**Overview**

*   **Multimodality** refers to the ability to work with data in different forms, such as text, audio, images, and video.
*   Multimodality allows models and systems to process a mix of data types seamlessly.
*   Multimodal support is relatively new and not yet standardised across model providers.
*   LangChain's multimodal abstractions are designed to be flexible and accommodate different APIs.

**Multimodality in Chat Models**

*   Chat models could accept and generate multimodal inputs and outputs, handling various data types.
*   To use multimodal models:
    *   Identify which models support multimodality using the chat model integration table.
    *   Reference the how-to guides for specific examples.

*   **Inputs**:
    *   Some models accept inputs like images, audio, video, or files.
    *   The types of supported inputs depend on the model provider.
    *   Most models that support multimodal inputs accept values in OpenAI's content blocks format, which is restricted to image inputs so far.
    *   Models like Gemini also support native, model-specific representations for video and other byte inputs.
    *   Multimodal inputs are passed using content blocks that specify a type and corresponding data.
    *   The format of the content blocks may vary depending on the model provider.
        *   For example, to pass an image to a chat model, you would specify the type as "image_url" and include the URL.
        ```python
        from langchain_core.messages import HumanMessage
        message = HumanMessage(
            content = [
                {"type": "text", "text": "describe the weather in this image"},
                {"type": "image_url", "image_url": {"url": image_url}},
            ],
        )
        response = model.invoke([message])
        ```
*   **Outputs**:
    *   Virtually no popular chat models support multimodal outputs, with the exception of OpenAI's `gpt-4o-audio-preview` model which can generate audio outputs.
    *   Multimodal outputs will appear as part of the `AIMessage` response object.
    *   The `ChatOpenAI` documentation has more information on how to use multimodal outputs.

*  **Tools**:
    *   No chat model is designed to work directly with multimodal data in a tool call request or `ToolMessage` result.
    *   Models can interact with multimodal data by invoking tools with references (e.g., URLs) to the data.
    *   Models can be equipped with tools to download and process images, audio, or video.

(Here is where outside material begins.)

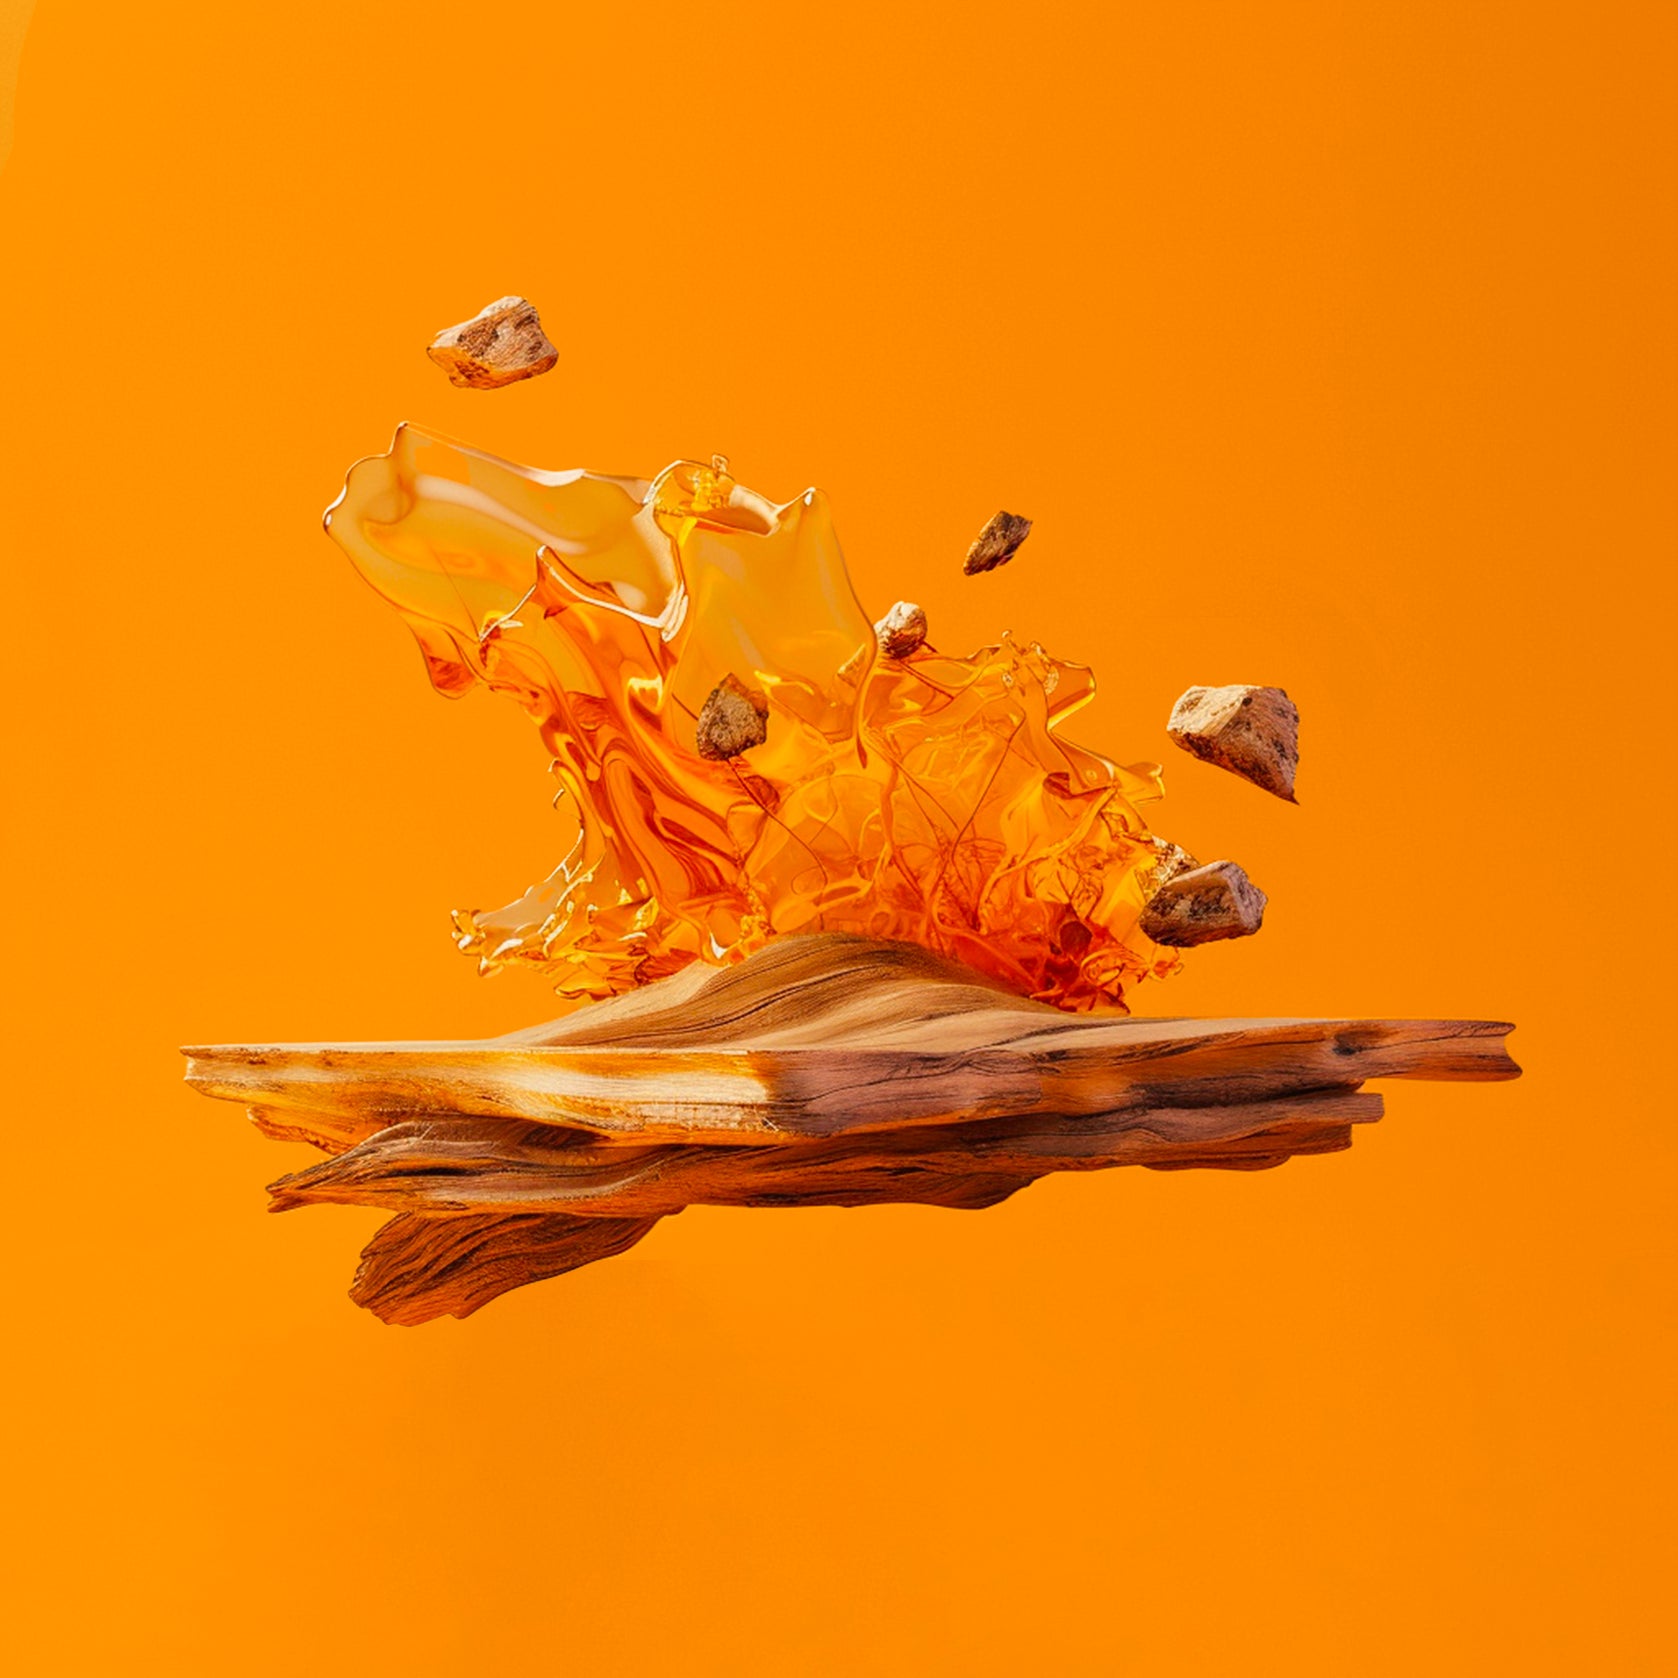 Accord de bois ambré. Photographie de morceaux d’ambre s'échappant d'un morceau de bois, ce qui crée une image très dynamique et chaude.
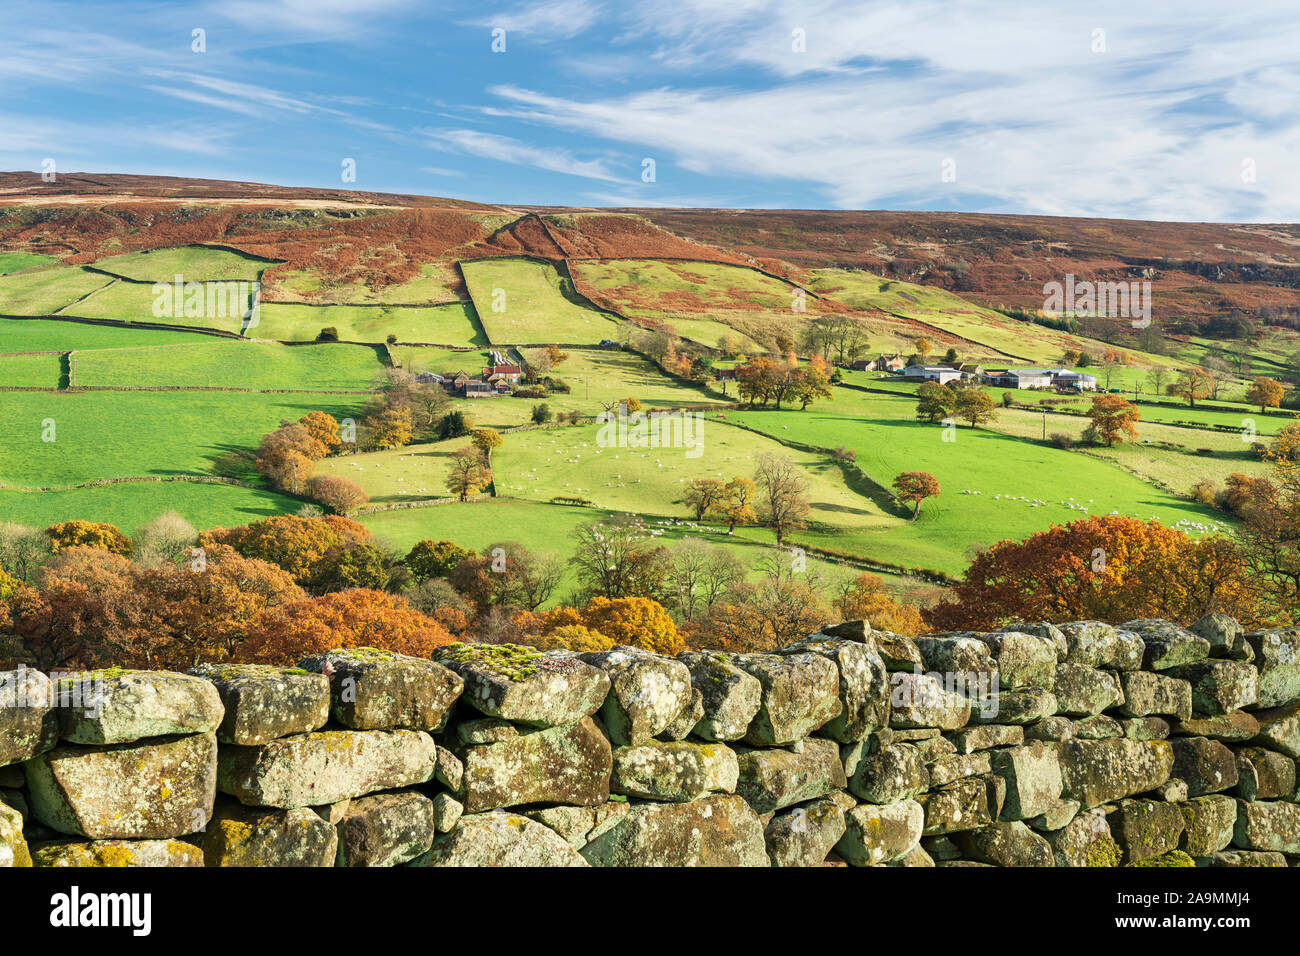 Campi verdi, muri in pietra a secco e foglie di autunno in tutta Farndale in North Yorkshire, Regno Unito. Foto Stock

**Multimodality in Embedding Models**

*   **Embeddings** are vector representations of data used for tasks like similarity search and retrieval.
*   The current embedding interface in LangChain is optimised for text-based data and will not work with multimodal data.
*   The embedding interface is expected to expand to accommodate other data types like images, audio, and video as use cases become more common.

**Multimodality in Vector Stores**

*   Vector stores are databases for storing and retrieving embeddings, typically used in search and retrieval tasks.
*   Vector stores are currently optimised for text-based data.
*   The vector store interface is expected to expand to accommodate other data types like images, audio, and video as use cases become more common.